15-Minute Cheesy Kale & Broccoli Scrambled Eggs

Breakfast

March 9, 2026

Tired of the same old boring breakfast routine? Let’s be honest, mornings can be a whirlwind, but that doesn’t mean you have to sacrifice a delicious and nourishing start to your day. This Cheesy Kale & Broccoli Scramble is my go-to solution for a hectic morning. It’s packed with protein, loaded with greens, and comes together in less time than it takes to brew a pot of coffee. It’s a vibrant, satisfying meal that will keep you energized and ready to conquer your day, all in one skillet!

Ingredients

• 2 large eggs
• 1 tablespoon / 15 ml heavy cream
• Salt and freshly ground black pepper, to taste
• 1 teaspoon / 5 ml coconut oil or butter
• 1 cup / 30g fresh chopped kale
• ¼ cup / 35g broccoli florets, fresh or thawed from frozen
• 2 tablespoons / 10g grated Parmesan cheese

Instructions

1. Directions
2. In a small bowl or mug, whisk together the eggs, heavy cream, salt, and pepper until the mixture is smooth and slightly frothy.
3. Heat the coconut oil in a medium non-stick skillet over medium heat until it shimmers.
4. Add the chopped kale and broccoli to the skillet. Sauté for 1-2 minutes, stirring frequently, until the kale has wilted and the broccoli is tender-crisp.
5. Pour the egg mixture directly over the vegetables in the skillet. Let it cook undisturbed for about 30 seconds, or until the edges begin to set.
6. Gently push the eggs from the edges toward the center of the pan, creating large, soft curds. Continue this process until the eggs are mostly set but still have a little moisture.
7. Remove the skillet from the heat and immediately stir in the grated Parmesan cheese. The residual heat will melt it perfectly. Serve hot and enjoy!

Nutritional Information

• Nutrition
• Calories: 315 kcal
• Fat: 25g
• Protein: 19.5g
• Carbs: 10g
• Fiber: 1.5g
• Net carbs: 8.5g

Pro Tips

• For the creamiest eggs, cook them low and slow. Lower the heat to medium-low before adding the egg mixture and stir gently and constantly for a velvety texture.
• Feel free to swap the veggies. Baby spinach, chopped bell peppers, or sliced mushrooms are fantastic substitutes or additions.
• Add a pinch of red pepper flakes with the vegetables for a gentle kick of heat.
• For a dairy-free version, simply omit the cream and cheese, and use a full-fat coconut cream and nutritional yeast instead.

FAQ

Q: Is this Cheesy Kale & Broccoli Scramble keto-friendly
A: Yes, with only 8.5g of net carbs, 19.5g of protein, and 25g of fat per serving, this scramble is an excellent choice for a keto or low-carb diet.

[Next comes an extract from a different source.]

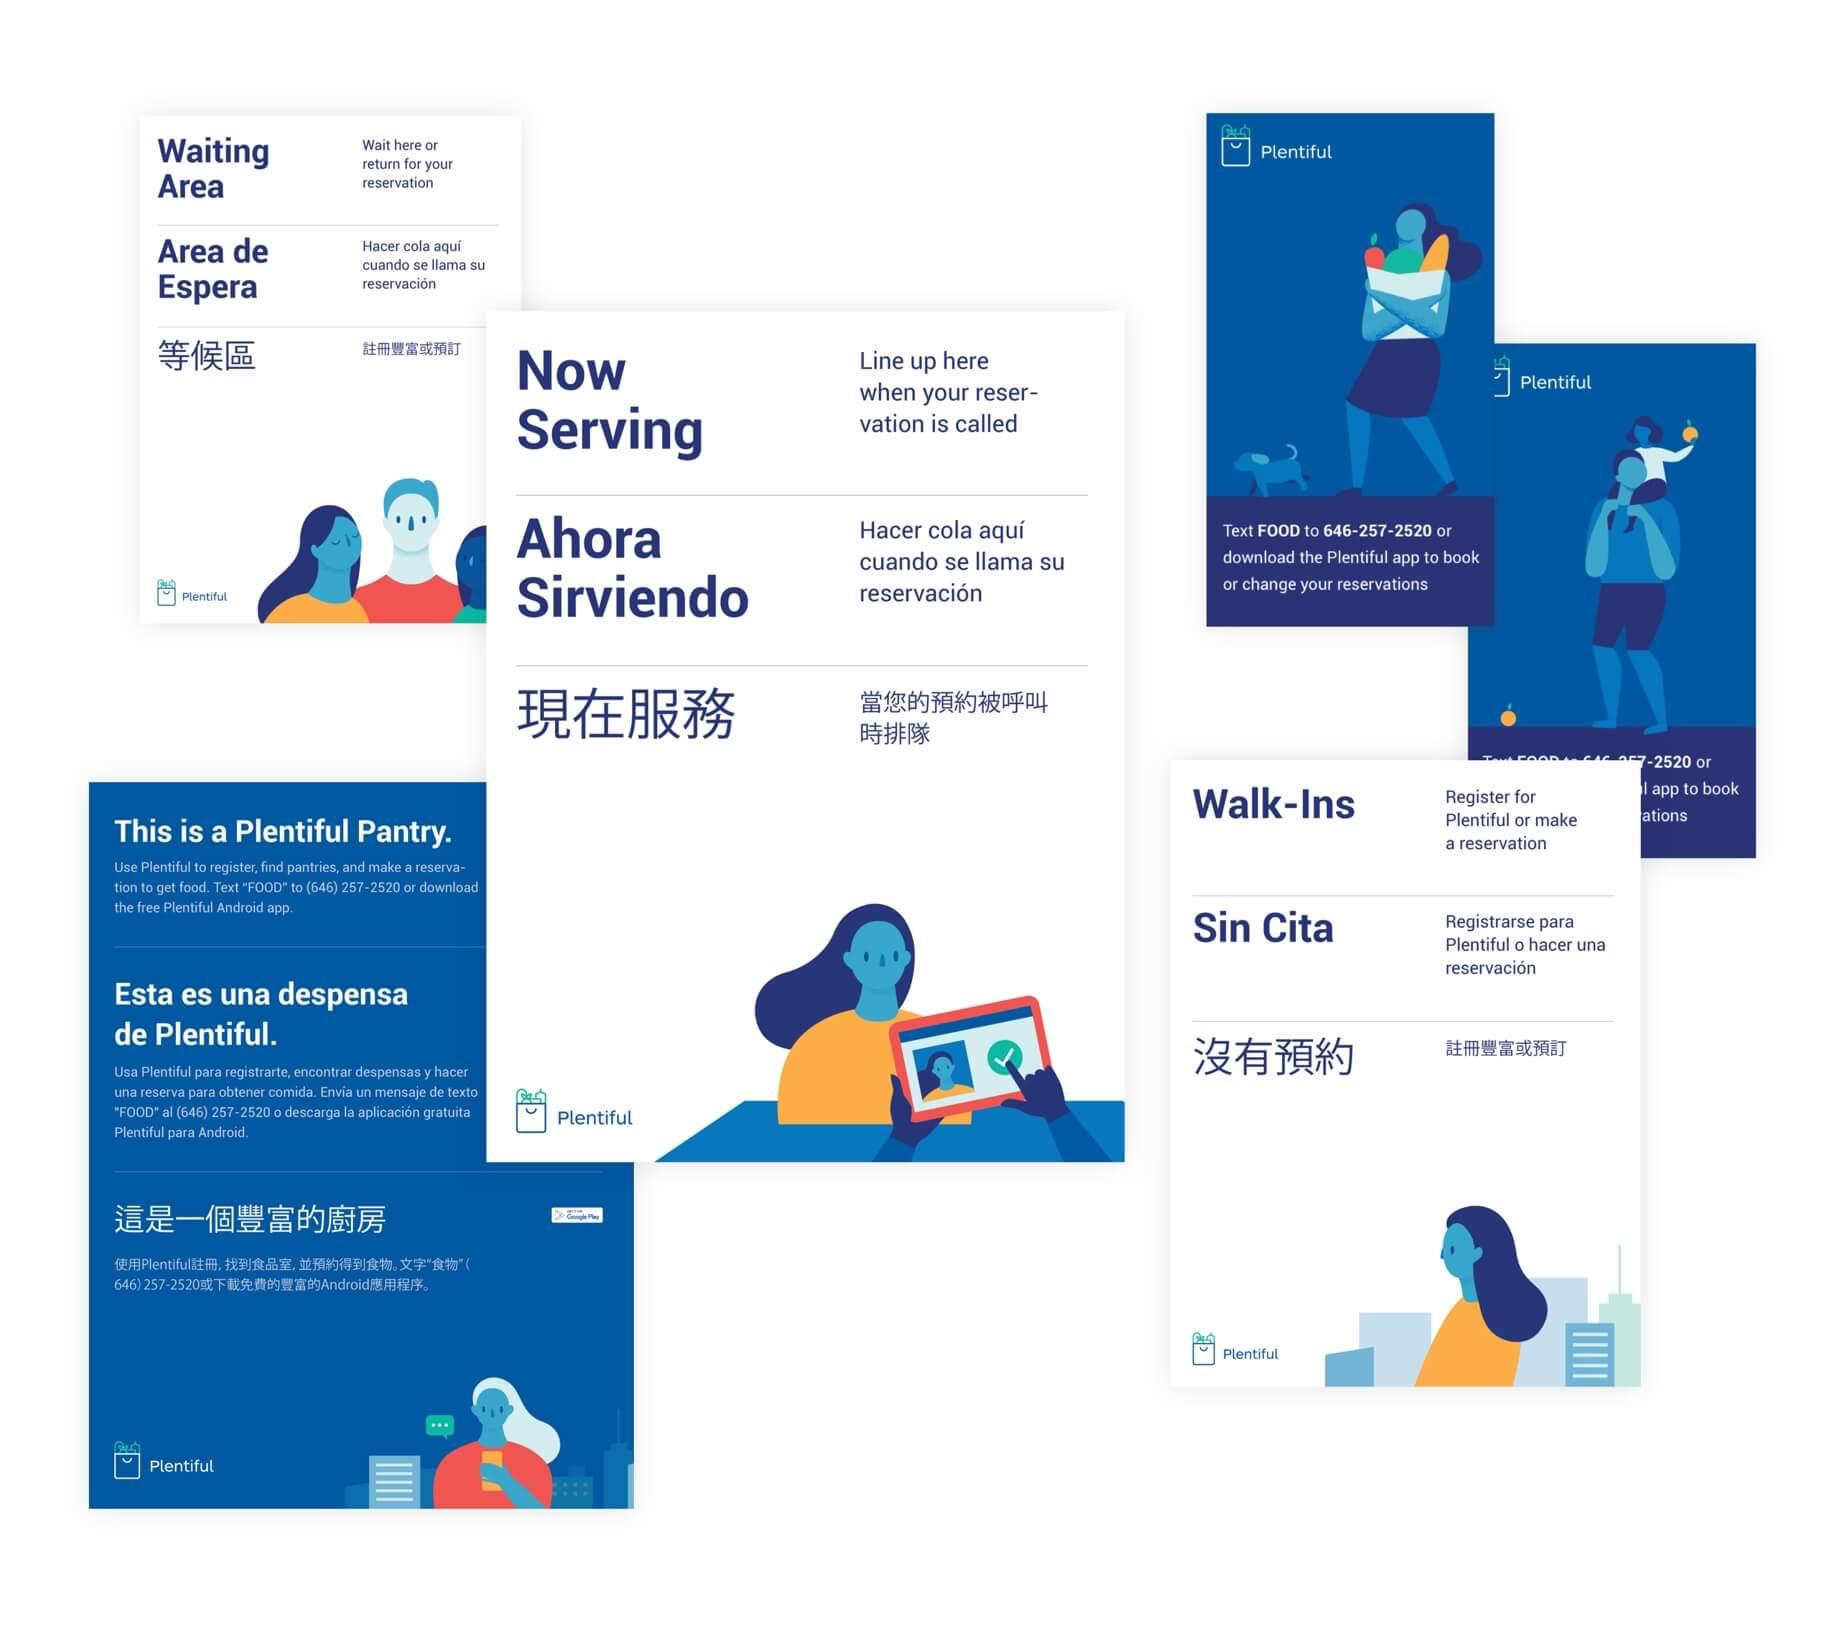 Plentiful design image signage

Q: How can I make this breakfast scramble dairy-free
A: To make a dairy-free version, simply replace the heavy cream with full-fat coconut cream and substitute the Parmesan cheese with nutritional yeast for a similar cheesy flavor.

Q: What other vegetables can I use in this egg scramble
A: This recipe is very versatile. You can easily swap the kale and broccoli for other vegetables like baby spinach, chopped bell peppers, or sliced mushrooms.

Q: How do I get the creamiest scrambled eggs
A: For the creamiest, most velvety texture, cook the eggs over medium-low heat. Pushing the eggs gently and constantly from the edges toward the center prevents them from overcooking and creates soft curds.